### TASK DIRECTIONS
Only some lines are wanted. Transcribe, exactly, the lines below from the line with "White T-shirt with" up to and including the line with "The Benefits Of".

### RECORDS SUPPLIED
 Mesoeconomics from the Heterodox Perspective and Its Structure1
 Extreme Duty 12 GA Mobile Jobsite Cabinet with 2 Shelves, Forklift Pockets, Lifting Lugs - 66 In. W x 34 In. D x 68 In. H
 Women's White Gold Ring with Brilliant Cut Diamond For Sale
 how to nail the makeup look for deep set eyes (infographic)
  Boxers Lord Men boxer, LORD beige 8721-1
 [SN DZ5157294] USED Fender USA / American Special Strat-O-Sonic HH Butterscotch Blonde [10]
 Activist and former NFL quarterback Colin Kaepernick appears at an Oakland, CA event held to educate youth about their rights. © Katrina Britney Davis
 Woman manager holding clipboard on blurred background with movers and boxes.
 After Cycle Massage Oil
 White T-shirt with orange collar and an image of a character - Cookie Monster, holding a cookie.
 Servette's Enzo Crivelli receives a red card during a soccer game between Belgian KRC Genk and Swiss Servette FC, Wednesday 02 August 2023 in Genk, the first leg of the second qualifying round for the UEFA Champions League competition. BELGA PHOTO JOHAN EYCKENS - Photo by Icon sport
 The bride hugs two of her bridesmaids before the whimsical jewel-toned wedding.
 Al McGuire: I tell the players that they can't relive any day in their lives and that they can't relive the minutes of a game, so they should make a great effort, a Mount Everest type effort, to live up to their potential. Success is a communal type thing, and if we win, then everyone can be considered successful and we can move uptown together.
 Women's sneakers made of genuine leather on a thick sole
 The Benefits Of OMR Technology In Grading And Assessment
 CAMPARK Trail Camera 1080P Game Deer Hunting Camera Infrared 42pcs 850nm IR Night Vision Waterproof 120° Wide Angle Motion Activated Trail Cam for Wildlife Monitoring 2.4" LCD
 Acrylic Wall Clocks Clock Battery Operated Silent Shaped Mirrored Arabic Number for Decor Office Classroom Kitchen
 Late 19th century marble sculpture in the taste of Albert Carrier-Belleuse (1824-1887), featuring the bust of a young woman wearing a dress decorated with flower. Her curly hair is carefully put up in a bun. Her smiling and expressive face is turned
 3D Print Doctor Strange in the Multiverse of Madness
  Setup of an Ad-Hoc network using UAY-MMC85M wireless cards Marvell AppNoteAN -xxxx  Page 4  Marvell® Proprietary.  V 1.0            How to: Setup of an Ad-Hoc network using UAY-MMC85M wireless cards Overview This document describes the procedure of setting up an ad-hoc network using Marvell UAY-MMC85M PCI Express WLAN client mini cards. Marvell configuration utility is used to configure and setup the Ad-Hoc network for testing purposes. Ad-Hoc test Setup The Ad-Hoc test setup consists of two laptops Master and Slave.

### SOLUTION FOR THIS EXERCISE
 White T-shirt with orange collar and an image of a character - Cookie Monster, holding a cookie.
 Servette's Enzo Crivelli receives a red card during a soccer game between Belgian KRC Genk and Swiss Servette FC, Wednesday 02 August 2023 in Genk, the first leg of the second qualifying round for the UEFA Champions League competition. BELGA PHOTO JOHAN EYCKENS - Photo by Icon sport
 The bride hugs two of her bridesmaids before the whimsical jewel-toned wedding.
 Al McGuire: I tell the players that they can't relive any day in their lives and that they can't relive the minutes of a game, so they should make a great effort, a Mount Everest type effort, to live up to their potential. Success is a communal type thing, and if we win, then everyone can be considered successful and we can move uptown together.
 Women's sneakers made of genuine leather on a thick sole
 The Benefits Of OMR Technology In Grading And Assessment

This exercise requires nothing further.